Cheap, clean and abundant energy is by definition necessary for a highly efficient and productive global economy. Since natural gas provides about one half of the carbon footprint of crude oil, it makes sense that it is the logical source to bridge into a transition to renewable energy. Natural gas is plentiful, it is cheap and burns much cleaner than coal and crude oil/fuel oils.
In The Long Term
The share of fossil fuels in the U.S. has not changed very much over time; coal decreased from 23.5% to 18.5% while oil and natural gas increased from 44.4% to 44.5% and from 32% to 37%, respectively, from 1965 to 2016. We expect the U.S. to continue with a diversified energy mix by using science and technology for the development of its fossil fuel resources as well as increasing market share for renewables and bio-fuels. In our view, we think the global economy is unlikely to leave fossil fuels as the dominant energy source and their demand will continue to grow for several decades, even if their market share decreases relative to renewables.
“The energy transition from fossil fuels to renewables is one that will be disruptive and at times chaotic. That said, sustainability of clean and abundant energy is critical and long term, renewables are the answer.”
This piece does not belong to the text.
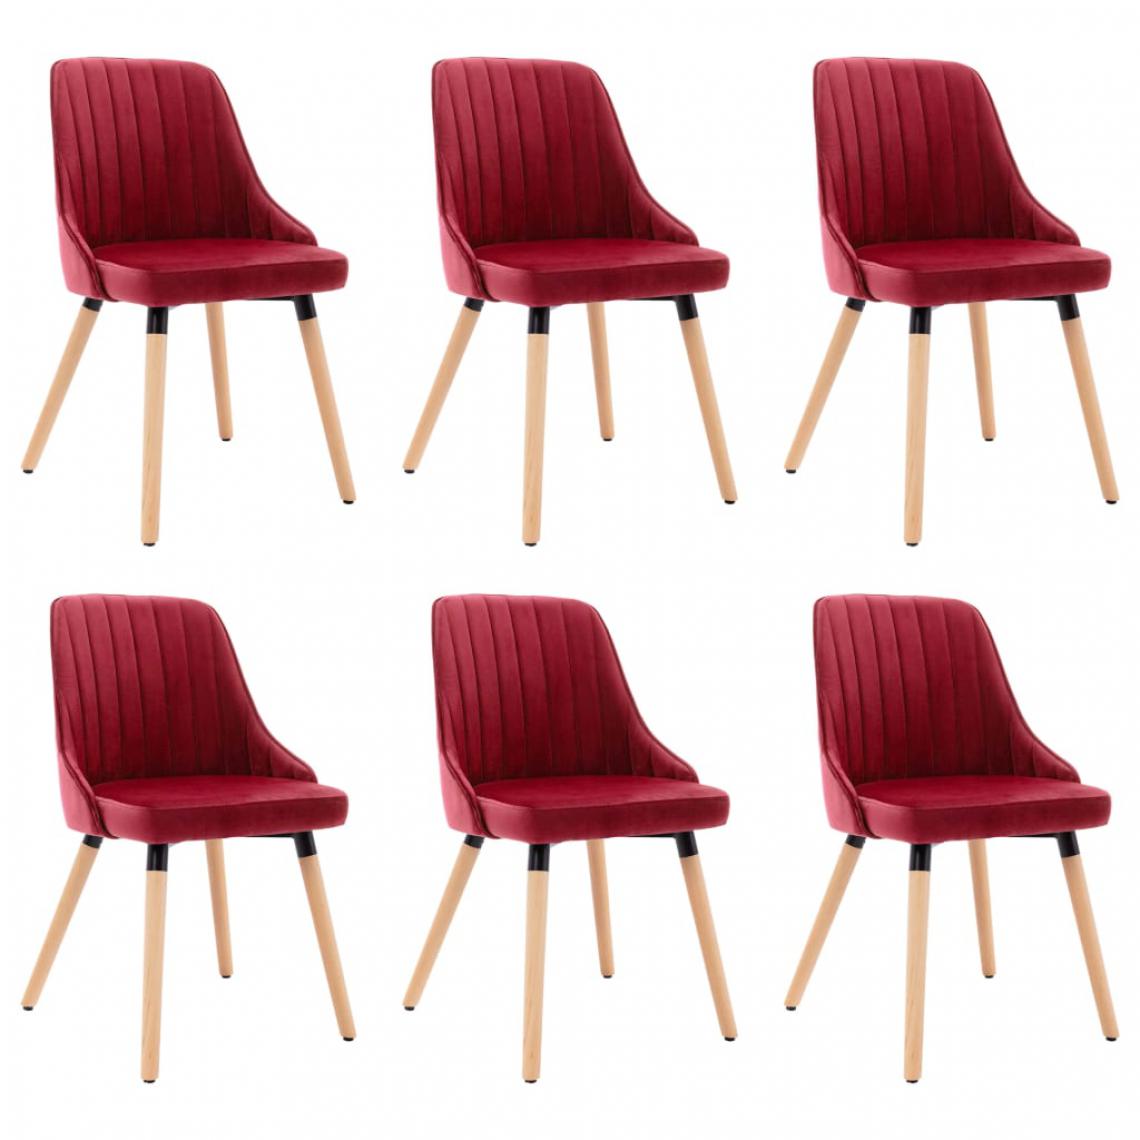 Icaverne - Joli Fauteuils et chaises famille Bucarest Chaises de salle à manger 6 pcs Rouge bordeaux Velours - Chaises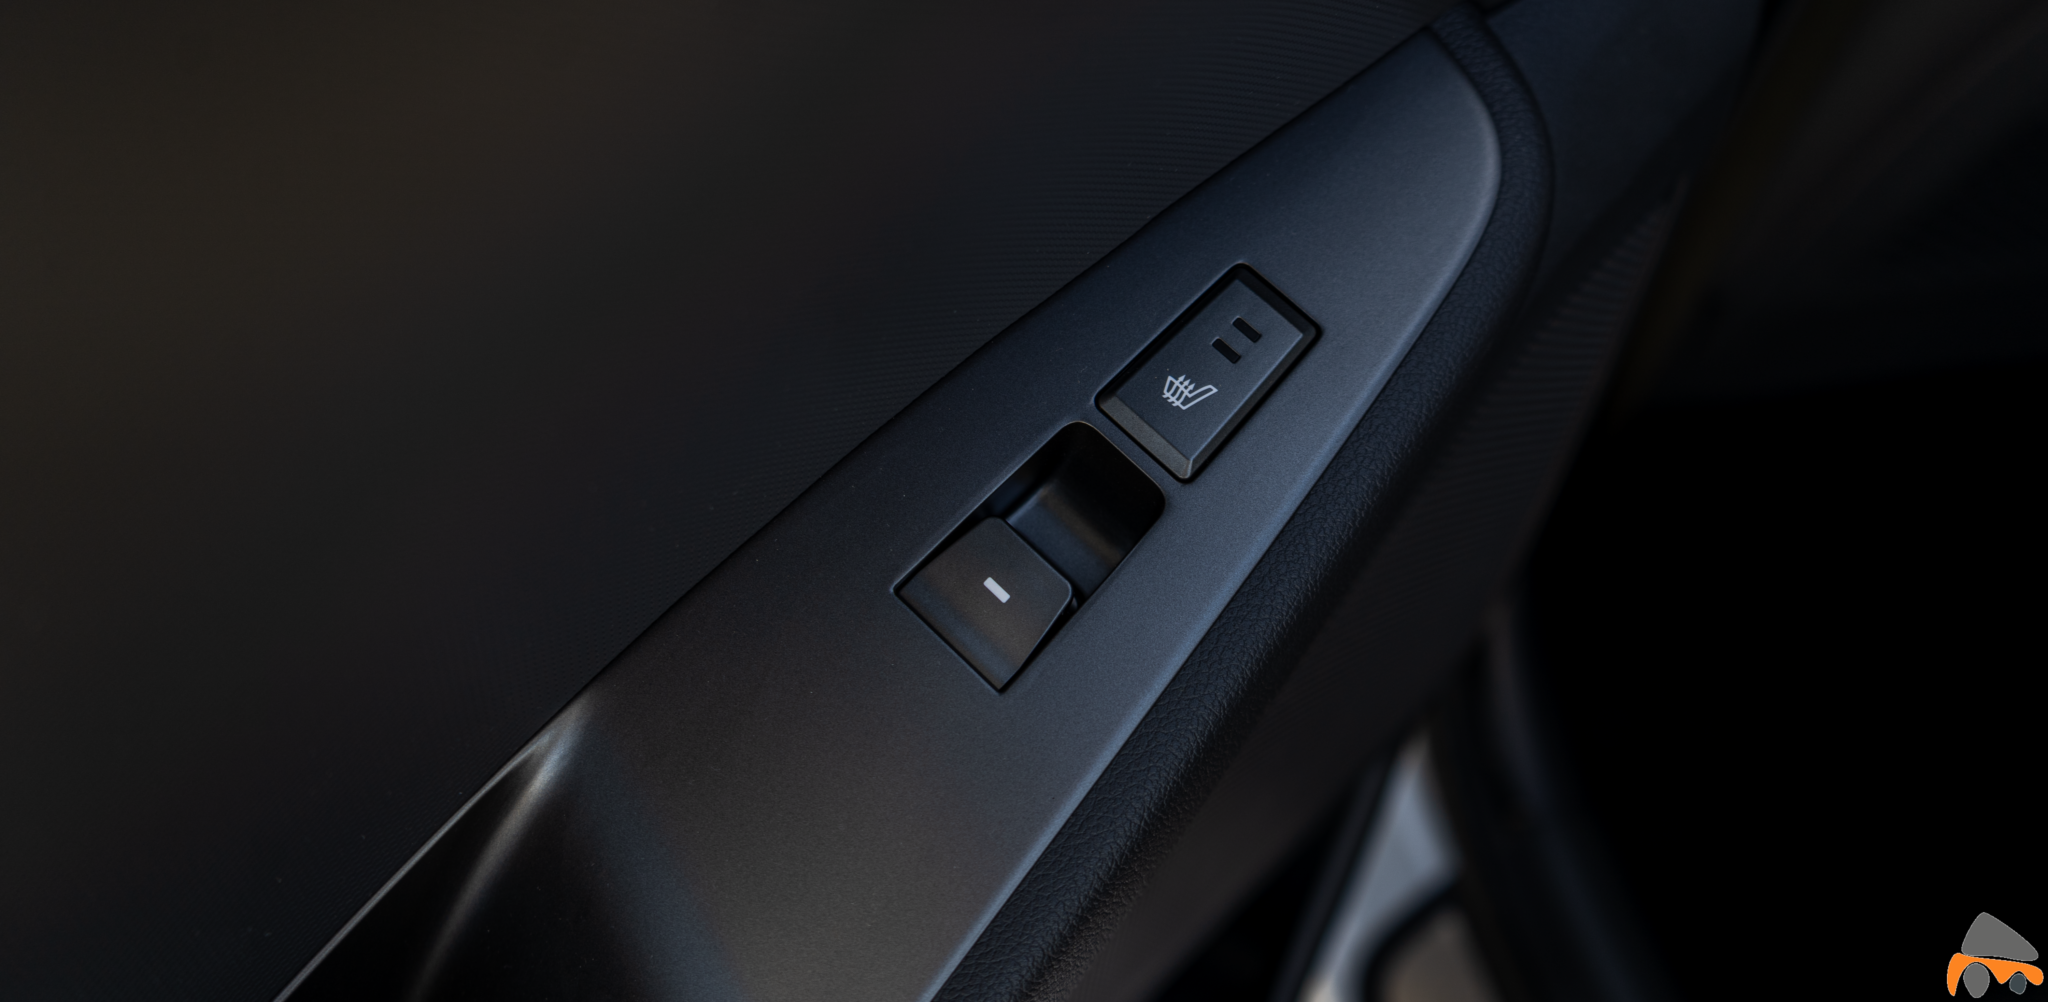 Botones puertas traseras Hyundai Ioniq Electrico - Prueba Hyundai Ioniq EV 2020: Un referente para la movilidad eléctrica

It is also obvious that the transition to a low carbon economy will only be possible through decarbonization, which may be made possible by two ways: (1) increasing the share of low-carbon intensity natural gas and, (2) increasing the market share of renewables. The energy transition from fossil fuels to renewables is one that will be disruptive and at times chaotic. That said, sustainability of clean and abundant energy is critical and long term, renewables are the answer. In the meantime, oil and natural gas are not going away anytime soon. This play will take several decades to play out.